Emmet laughed. “I will tell you, because none of it matters now. You will not be able to do anything with the information that I give to you.”
That meant he planned to kill her. Zera wasn’t ready to die, but she would deal with that when the time came. For now, she steeled herself against all other thoughts and stared at Emmet. “Tell me,” she said through clenched teeth.
He shrugged and this time rubbed the nozzle of the gun over her lips.
“Such a pretty mouth,” he said, shaking his head. “A great body, lovely face, educated. That is the power of the Black Queen. I did not know this until the days before my fake death, but Aasir was in love with you. He told me he had been in love with you all of his life. You were the reason he would not turn to us. But you would not come home to him. No matter how hard he tried to convince you that your place was there in Nairobi by his side. You were to be his Black Queen.”
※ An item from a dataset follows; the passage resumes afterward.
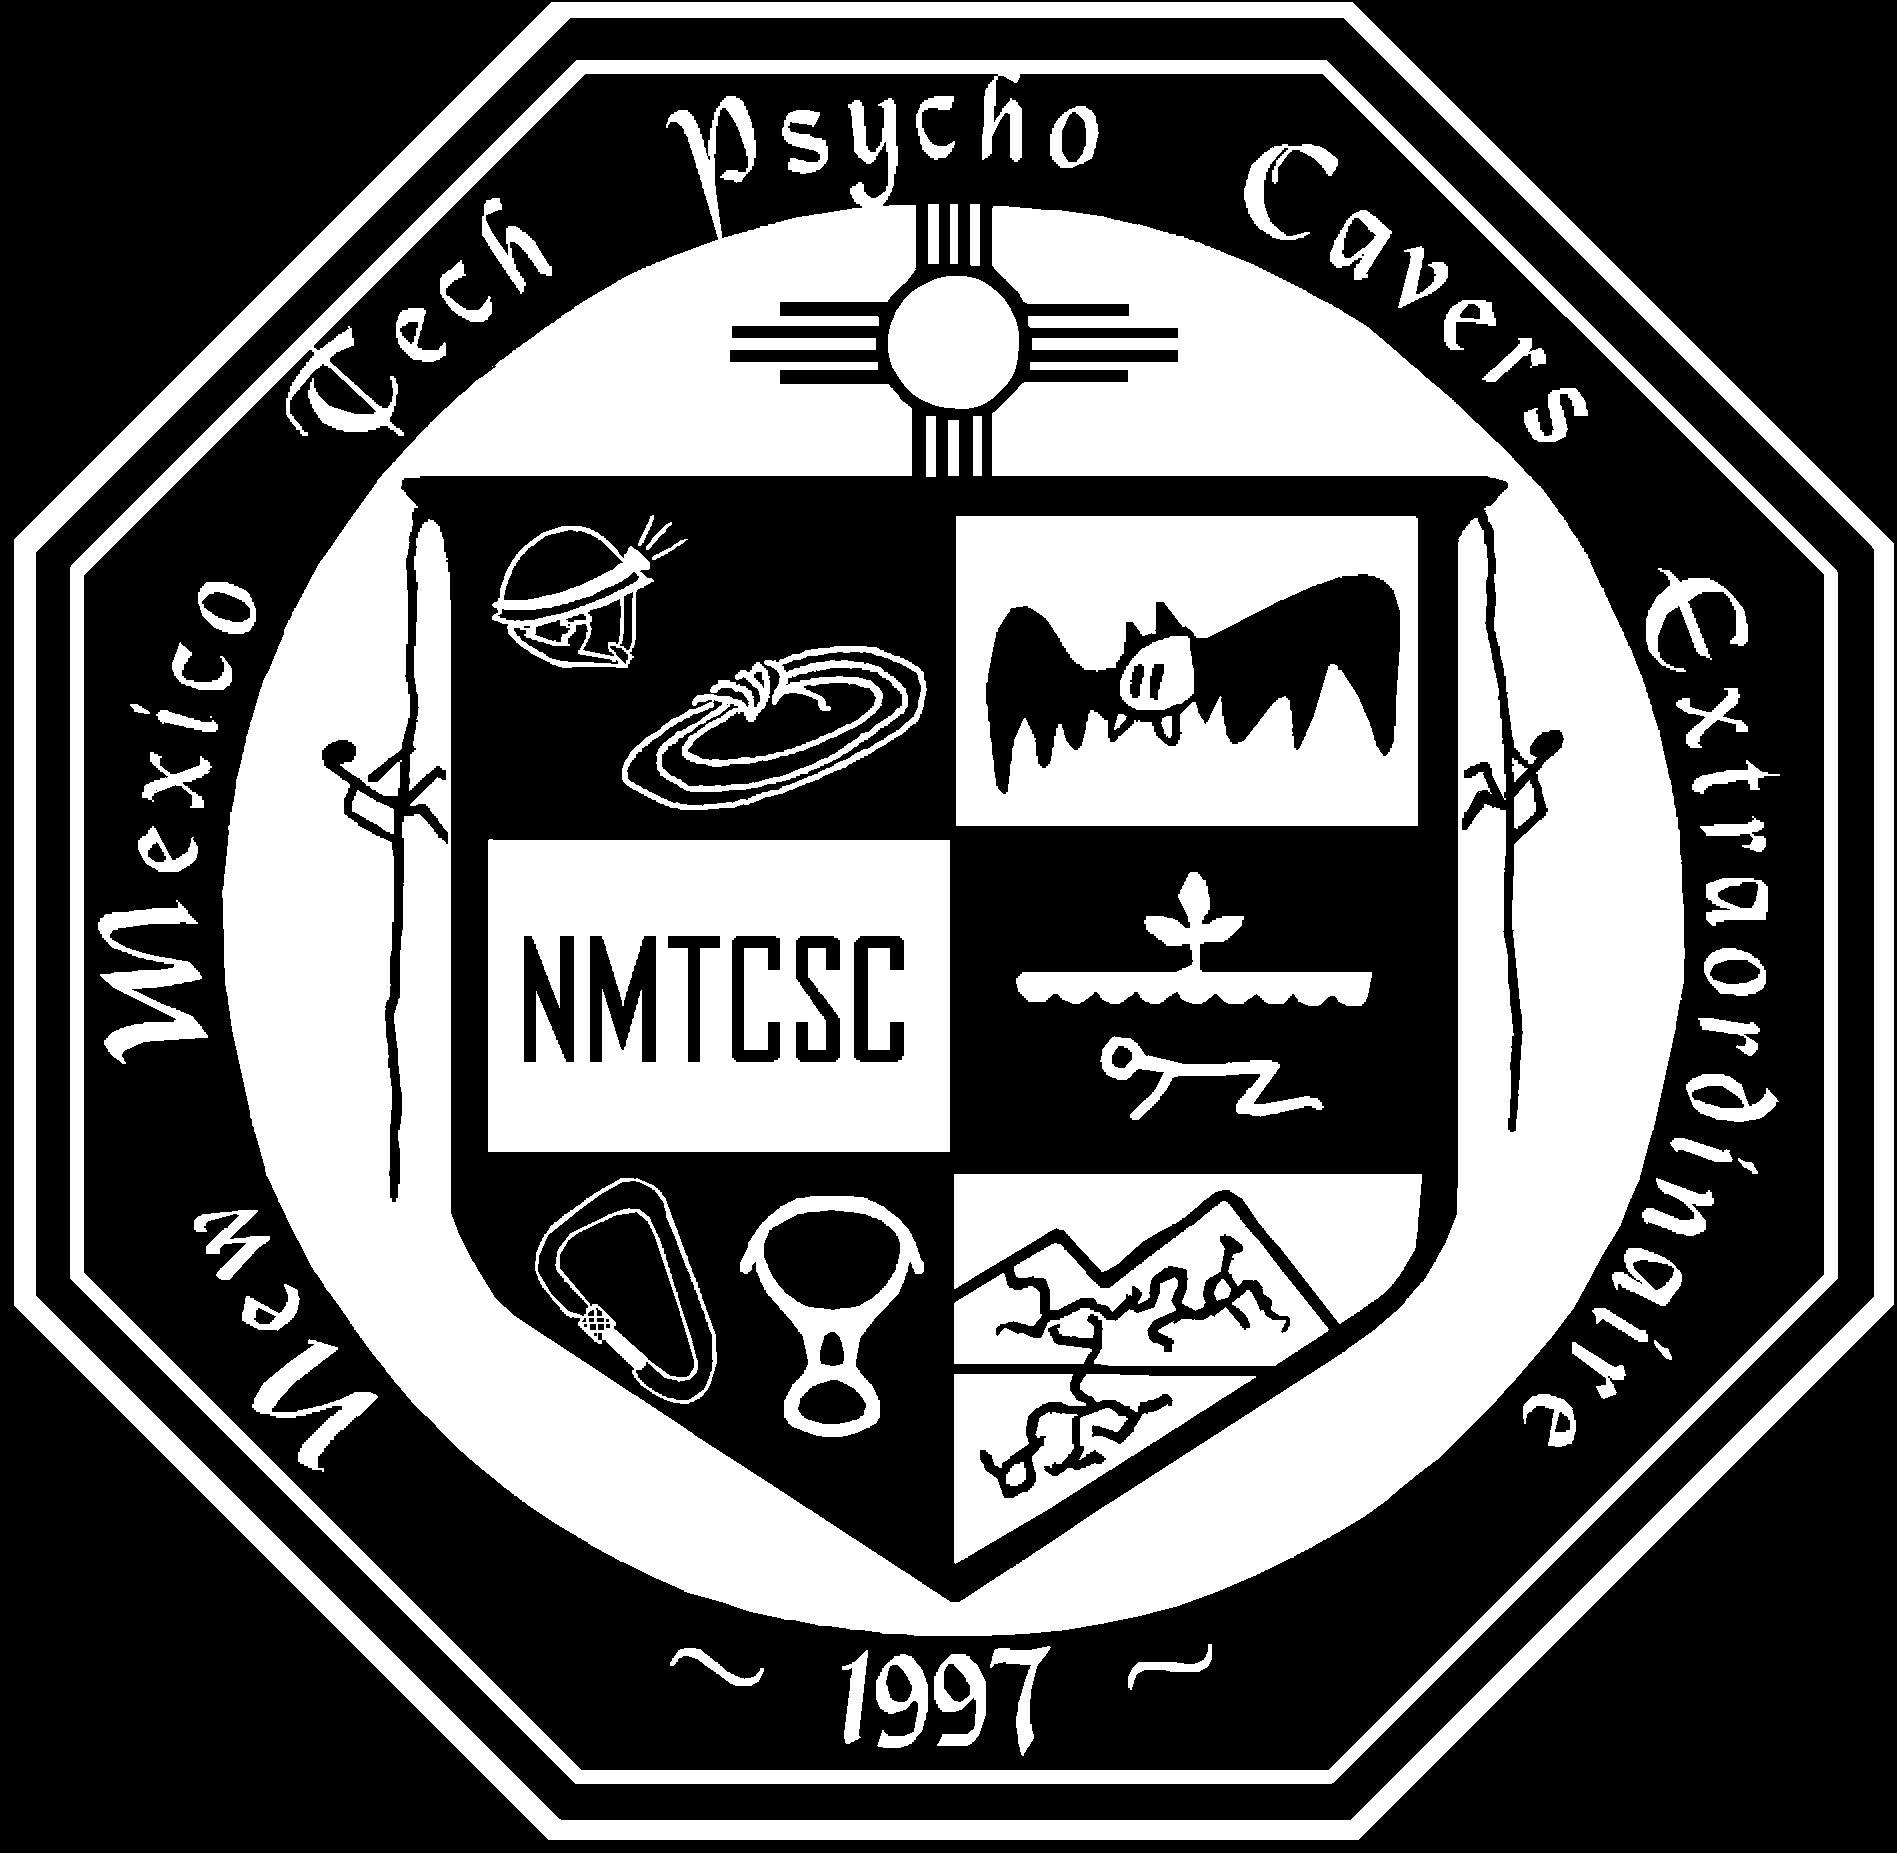 NMT Caving Club logo

Emmet threw back his head and laughed and Zera pushed the gun away from her face. He planned to kill her anyway, she didn’t have to make it easy. Besides, he was getting off on telling her this story. Of watching her react to every malicious, but suspiciously true word that he said. She felt ill and angry and wanted to lash out. To find a gun and kill. But she’d been trained better than that. Impulsivity could lead to an agent’s death, or the death of one of their teammates. Or worse, an innocent bystander. So Zera remained as calm as she could.
“He was never more to me than a friend,” she replied to Emmet.
He stopped laughed instantly, looking at her with a serious gaze. “None of us are anything to you. Another trait of a Black Queen. Your heart is cold, your cut vicious and wounding.”
Emmet came closer. Zera stepped back, until she came up against the wall. He pressed his body into hers.
“I did not know who you were until the very end,” he said. “I thought you were my everything, that you understood me and wanted nothing more than to make me happy. Imagine how I felt when I found out I was in love with the same queen as my half-brother. It was hilarious and horrendous at the same time.”
“I never asked you to love me,” she said.
“No!” Emmet yelled. “But you tricked me. You got close to me and you made me believe. You did what no other man has ever been allowed to live to see done. But I’ve got you now.”
He
leaned in and licked down her cheek. Zera sucked in a breath. He moved to her ear and licked her lobe before biting down on it until she screamed.
Then he whispered, “Aasir told Debare to take Hiari to get back at you for breaking his heart. Then, when you still would not come to him, he told Debare to tell me who you really were.”
Zera wanted to scream again. She wanted to punch Emmet in the face and kick him in the nuts. She wanted to fly home to Nairobi and slice Aasir’s lying throat!
Instead she pushed Emmet back away from her and clutched her stomach once more.
Emmet was laughing again. He loved this. Zera didn’t want to give it to him. She really didn’t, but the pain was threatening to take over.
“Where is she?” Zera asked through the pain. “Where is Hiari?”
Emmet sobered again. Just like Dr. Jeckyll and Mr. Hyde his transformations were quick and diabolical.
“That bitch is dead, just like you’re gonna be!” he yelled and raised his arm to point the gun at Zera’s head.
Dane slammed Nyle, the Interpol agent who had driven them to Le Boulay, against the wall. His hand was wrapped in the guy’s shirt and he was pressing upward so that his fist leaned hard into his throat.
Behind him Dane heard the clicking of a gun.
“Let him go, Mr. Donovan,” Jon, the other Interpol agent ordered him.
“Dane,” Roark said when Dane hadn’t flinched nor released Nyle. “This is not helping. Let him go so they can work on finding her.”
“They fucking shouldn’t have lost her,” was Dane’s heated retort.
But a few seconds later he did release Nyle and took a step back. The agent attempted to punch Dane at that point, but Roark stepped in, grabbing the agent’s wrist and shaking his head. “Not a good idea,” Roark said before pushing Nyle back.
“It’s not a good idea for you both to catch charges for assaulting international agents,” Jon told them.